Last one first. The RA used “‘Form 5345–D, “Examination Request-ERCS (Examination Returns Control System) Users’, requesting that the Lamprechts’ return for the [Year Two] be opened for xamination for the purpose of assessing the section 6662 accuracy-related penalty.” T. C. Memo. 2022-91, at p. 9. The RA later used the same form for Year Two. And both were signed off before Johannes and Linda heard Word One about chops. But Johannes and Linda claim RA should’a used a CPAF, per IRM.

Judge Gustafson: “The IRM is a sprawling instruction manual, the various parts of which are amended at different times, and its penalty-related provisions are scattered throughout. The year after these Forms 5345–D were signed, the IRM included an express provision that examiners ‘gain their manager’s approval to open a penalty case’ (the action taken by Form 5345–D) ‘[a]fter [the] examiners determine that a penalty is warranted.’ IRM 20.1.9.2.1(1) (July 8, 2015) (emphasis added).” T. C. Memo. 2022-91, at p. 18, footnote 17.

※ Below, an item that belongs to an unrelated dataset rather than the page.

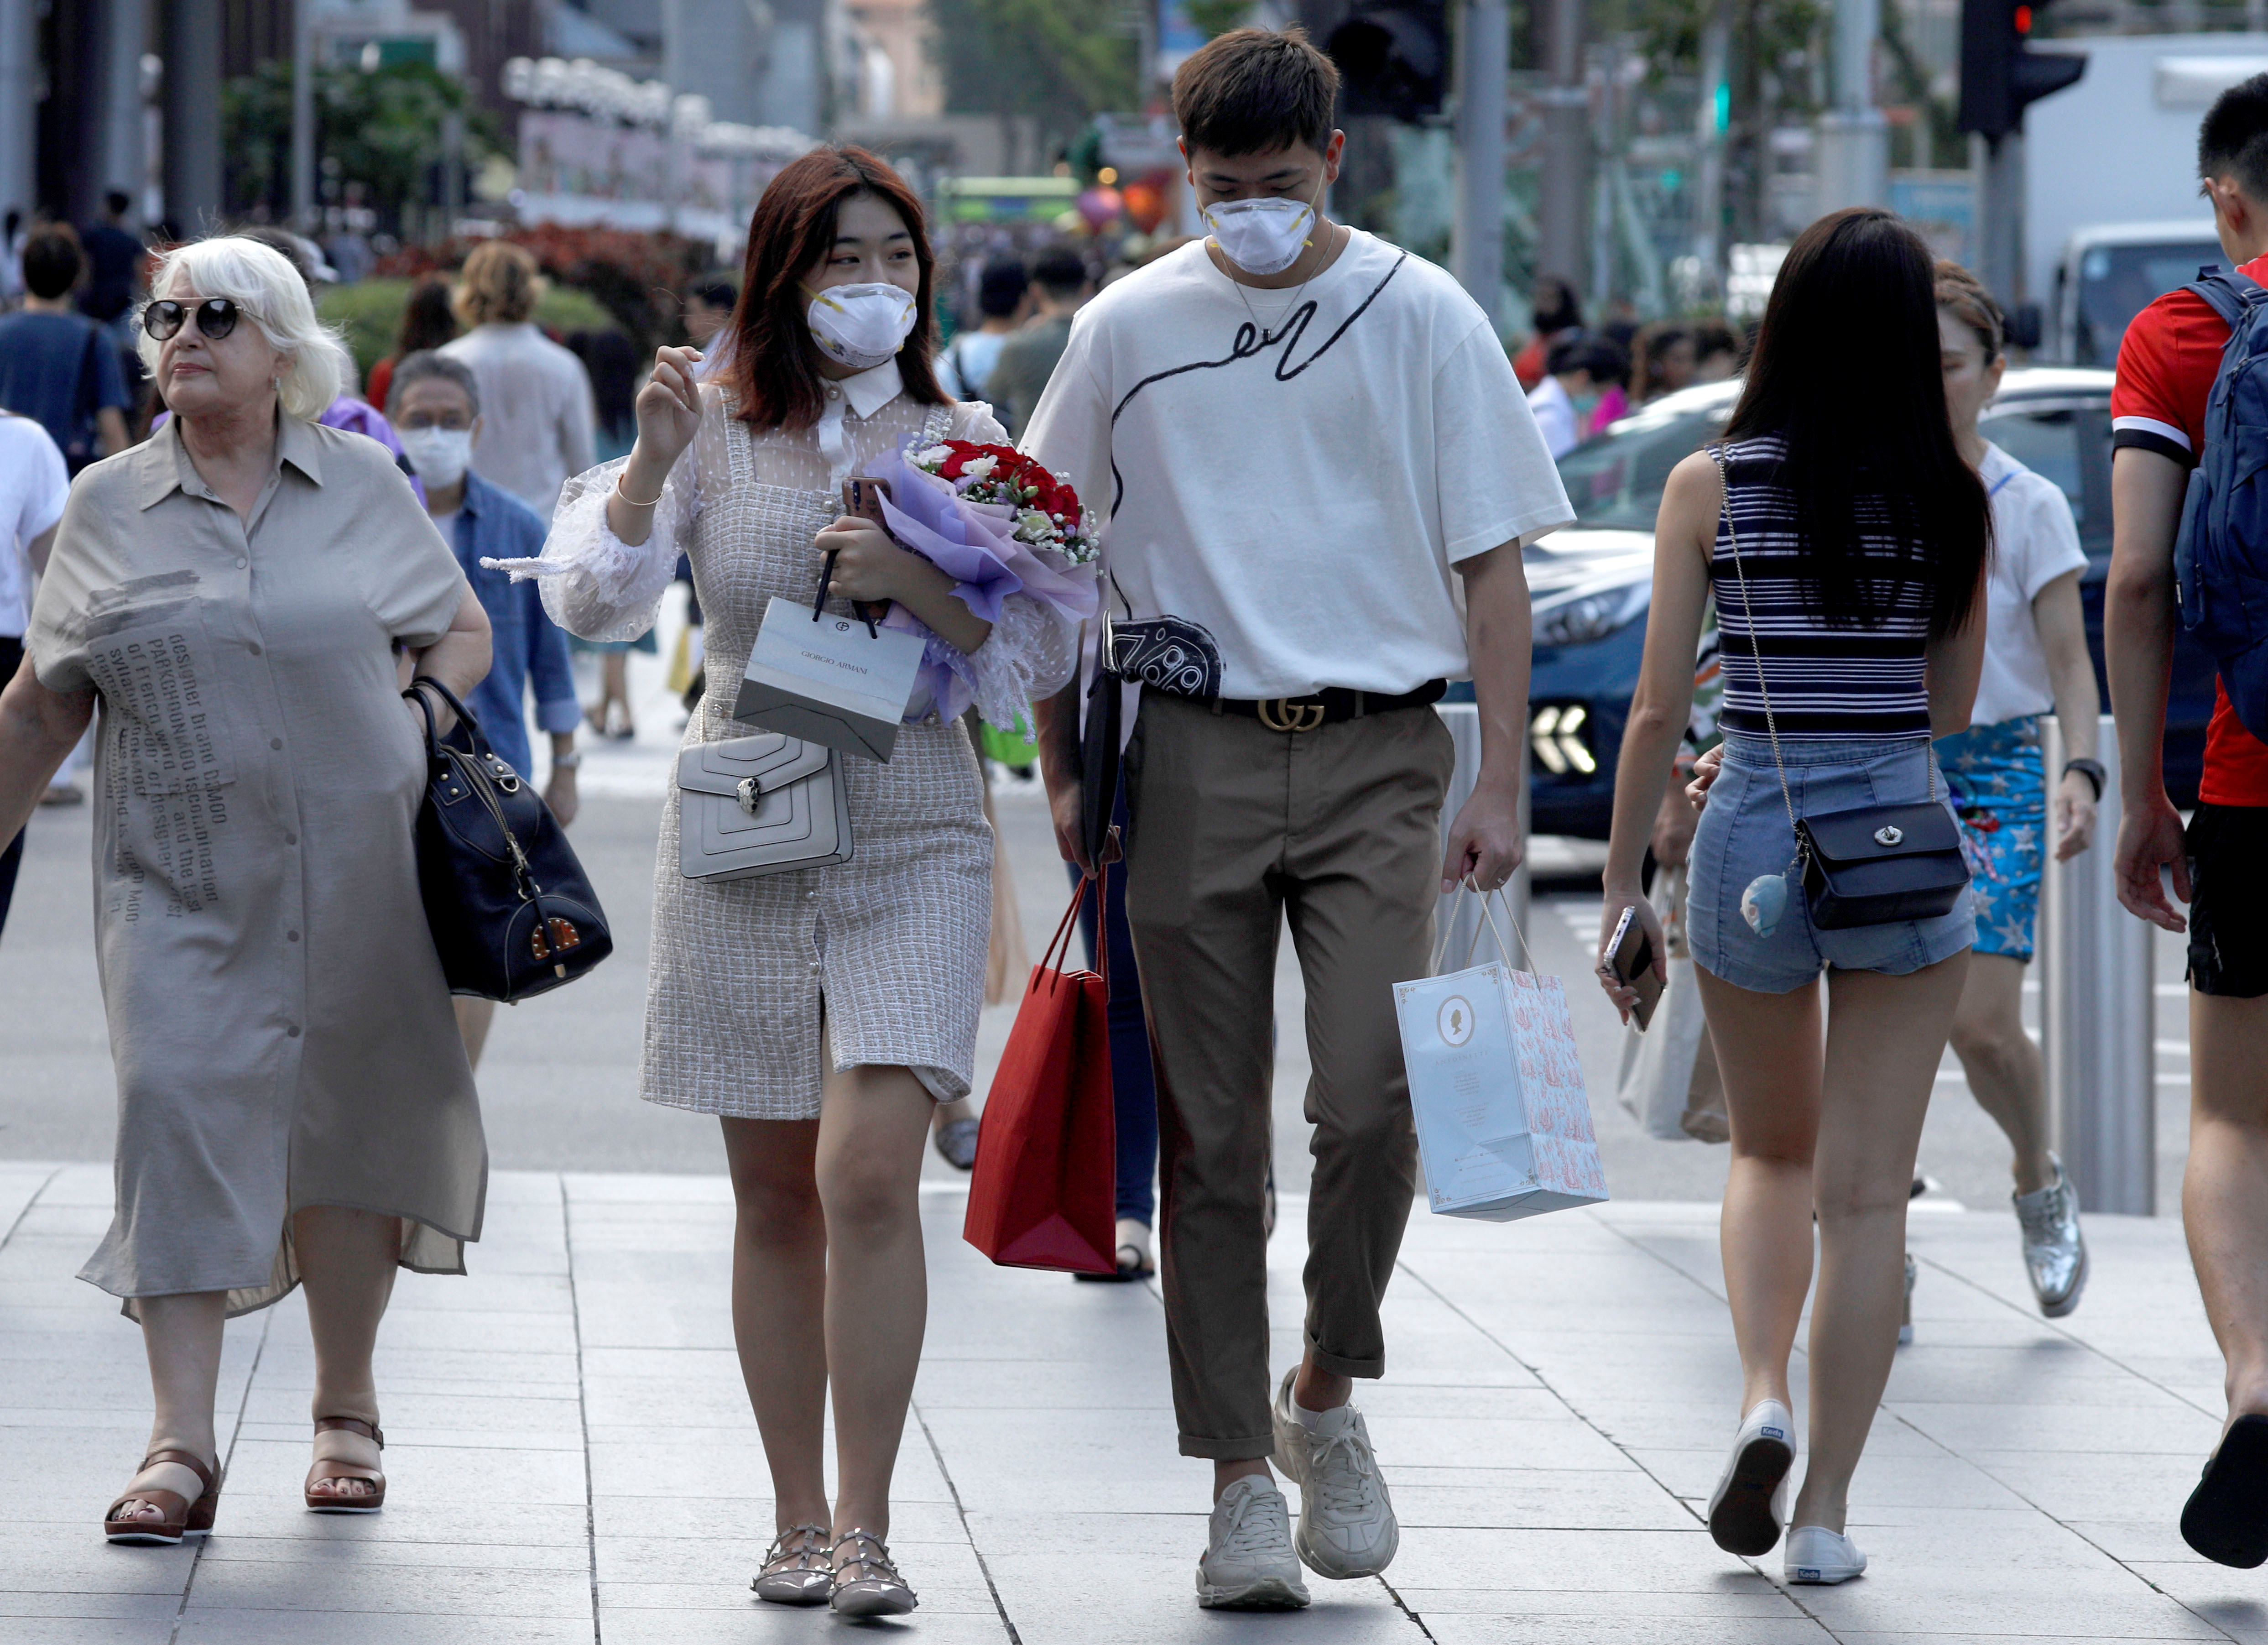 Singapur encarcelará a quienes incumplan la distancia establecida contra pandemia

 The IRM is not law, creates no obligation on IRS, nor creates any rights in petitioners.

The 7609 John Doe is complicated by the facts. UBS got its back up, and the Helvetian Confederation got its back up, so there was reference to the US-Swiss tax treaty after IRS went to USDC to enforce the subpoena. The US, UBS, and the Confederation stiped to dropping the enforcement proceeding, but not the subpoena. Bottom line is that there was compliance, and Johannes and Linda amended only after compliance. But how long was the tolling of 6SOL on account of noncompliance? Johannes’ and Linda’s argument that dropping enforcement ended the toll loses. Their argument that the subpoena was improper as a method of getting what IRS could’a gotten under the tax treaty also loses; using two methods to get discoverable material is OK. And query the standing of a party not subpoenaed or named in the subpoena to question the validity of a subpoena. So longer tolling, and 6SOL didn’t run when the SNOD for the chops issued.

Finally, the qualified amended return issue. Johannes and Linda rely on Reg. Section 1.6664-2(c)(3)(i)(D)(1), which says you’re not qualified if you claimed a tax benefit on the return you’re seeking to amend. They claim they took no benefit, only didn’t report income. Johannes said he didn’t think Swiss income was taxable to a US green cardholder.

Judge Gustafson says that Johannes was trying a defective Foreign Earned Income Exclusion. If allowed, it would make nonreporting and amending later better than reporting upfront and losing. Also, Johannes and Linda itemized their deductions, and the amended returns substantially increased the phaseouts of their Schedule As. So they did claim the benefit of the unphased deductions, which they had to amend away.

IRS gets summary J for the chops. And Johannes’ and Linda’s trusty attorney gets a Taishoff “Good Try.”